WORK INSTRUCTION:
All lines from the one bearing "BBB BSG-54 - Kids Cycling Glasses | Glasses" through the end of the data below must be printed exactly as they stand, with pictures removed.

DATA:
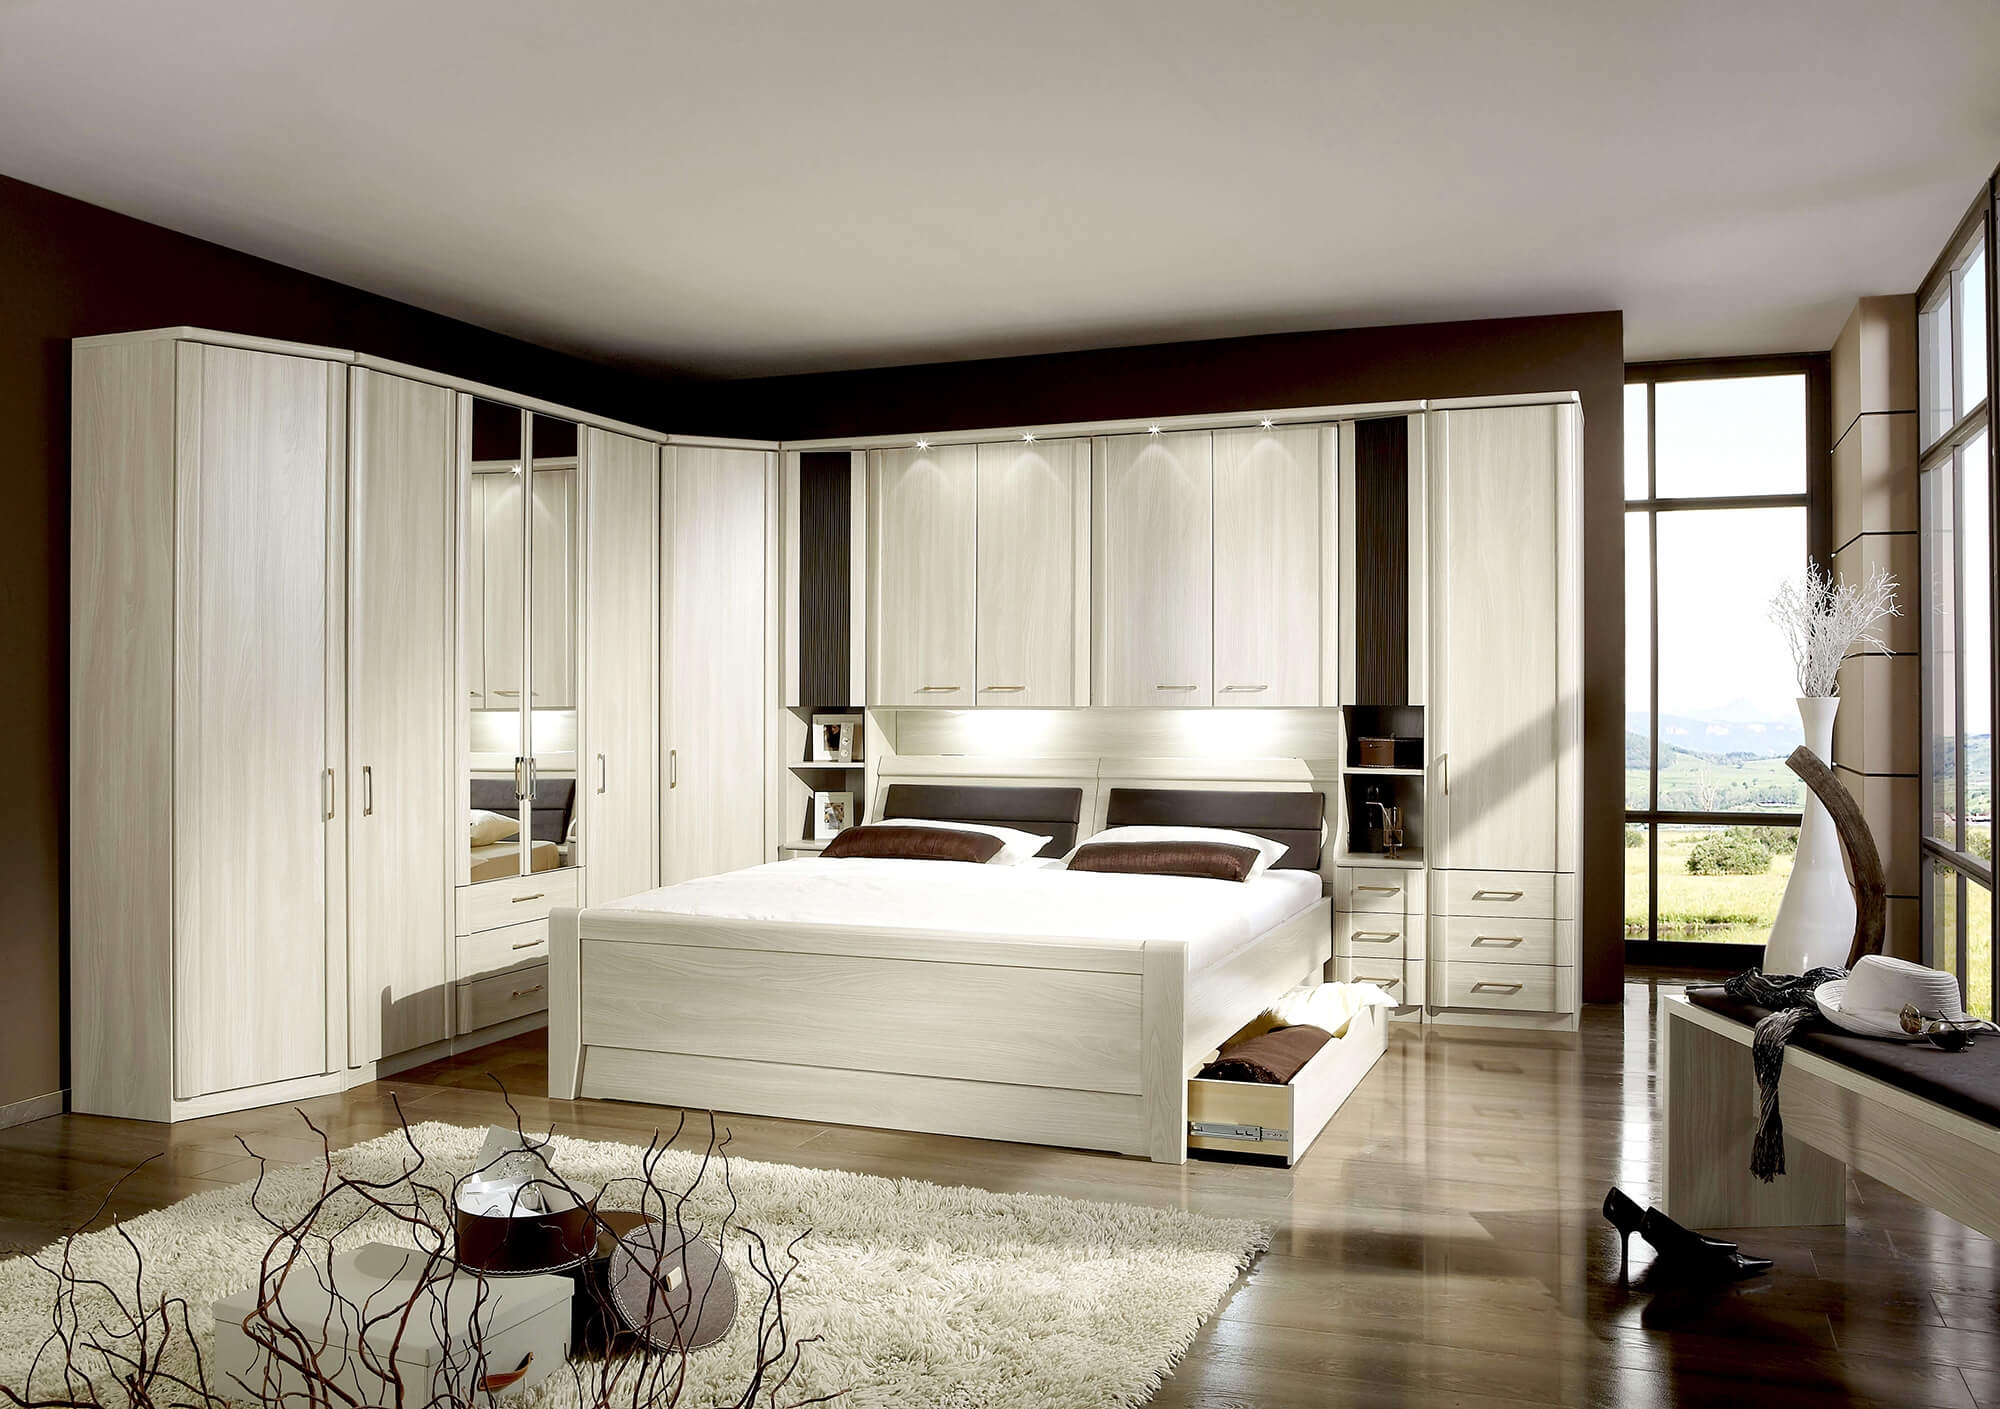 slaapkamer luxor bed 160x200 2 nachttafels bovenkasten inloopkast kommode kledingkast
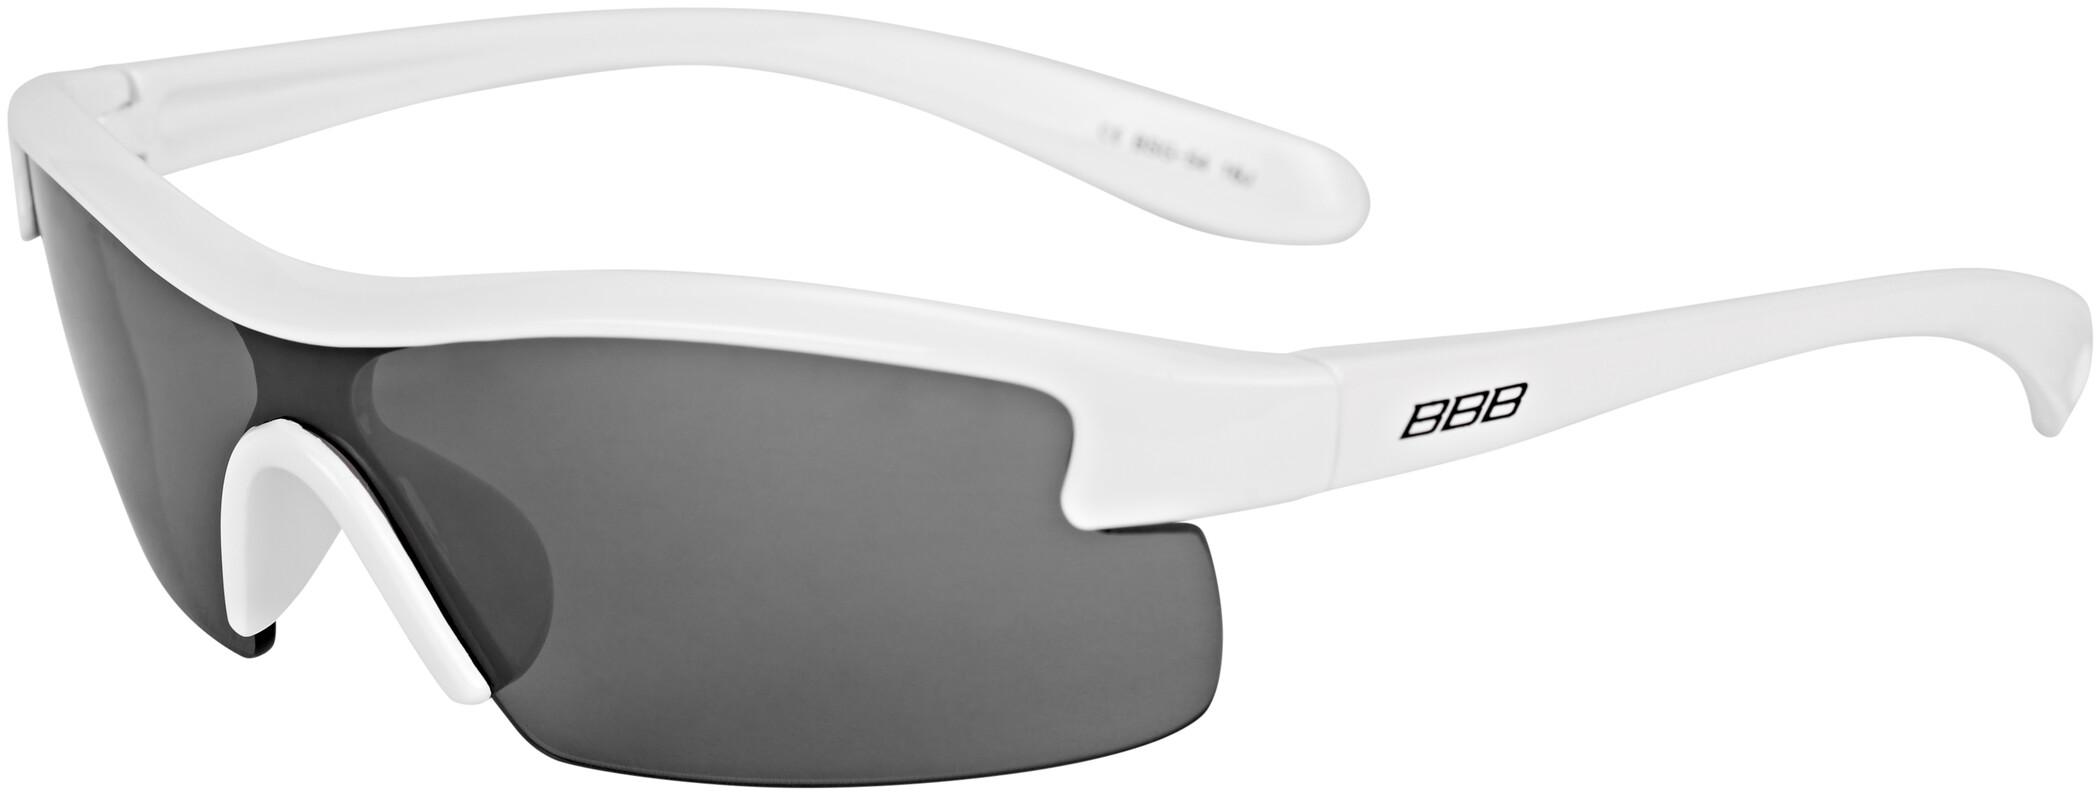 BBB BSG-54 - Kids Cycling Glasses | Glasses
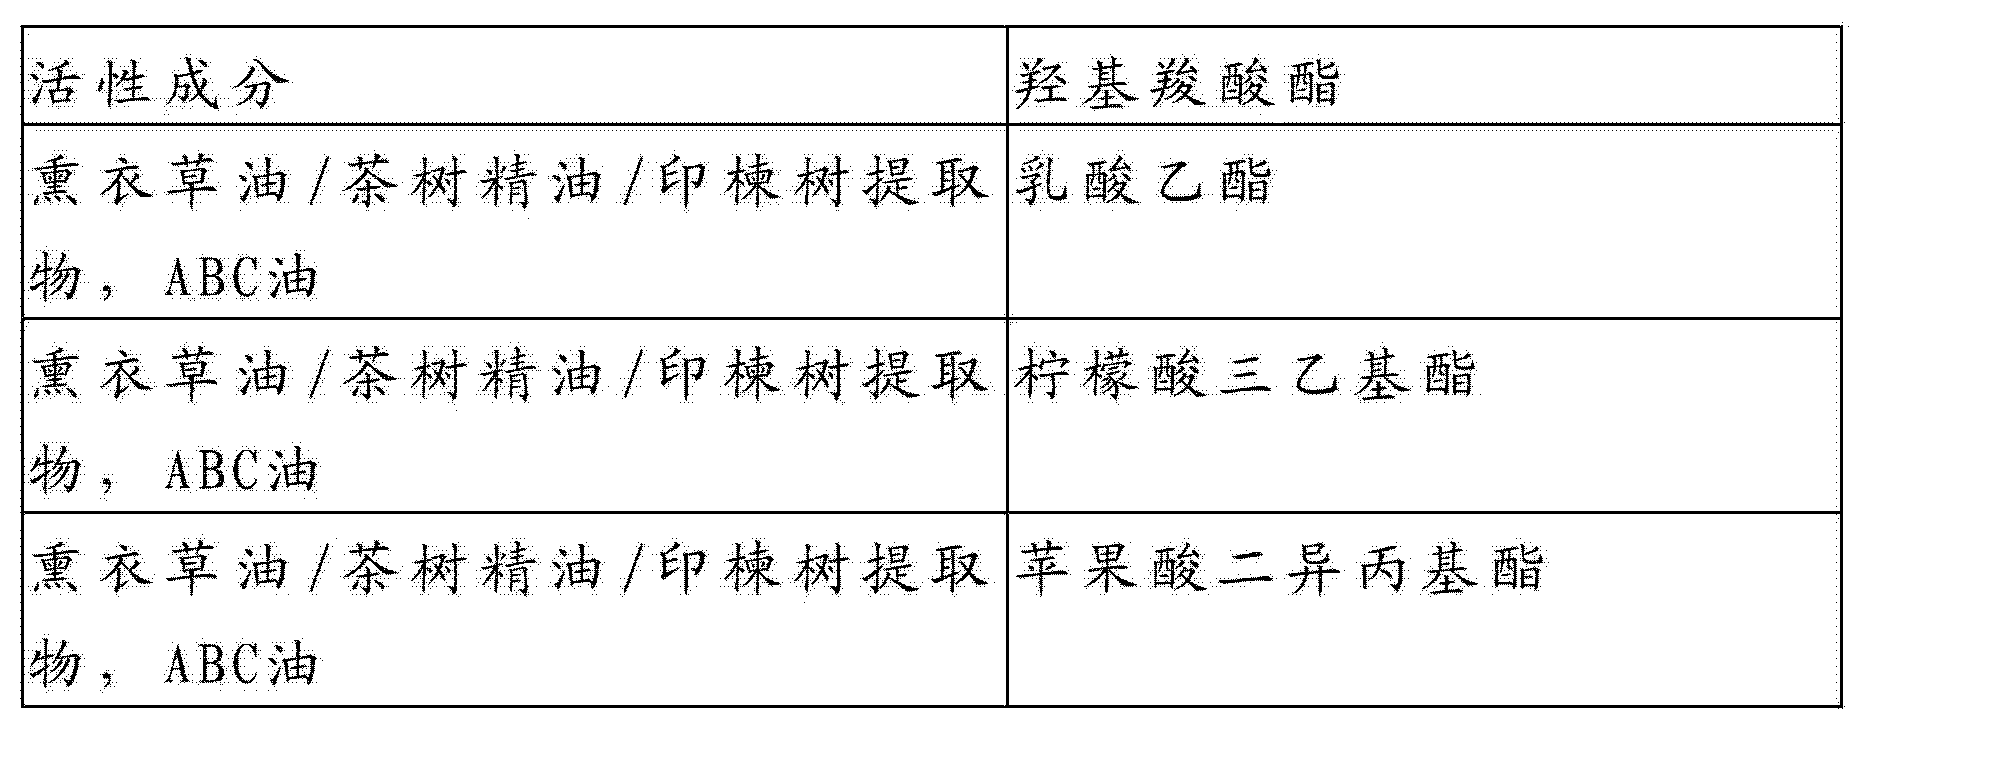 Figure CN103357015AD00172

SOLUTION:
 BBB BSG-54 - Kids Cycling Glasses | Glasses
 Figure CN103357015AD00172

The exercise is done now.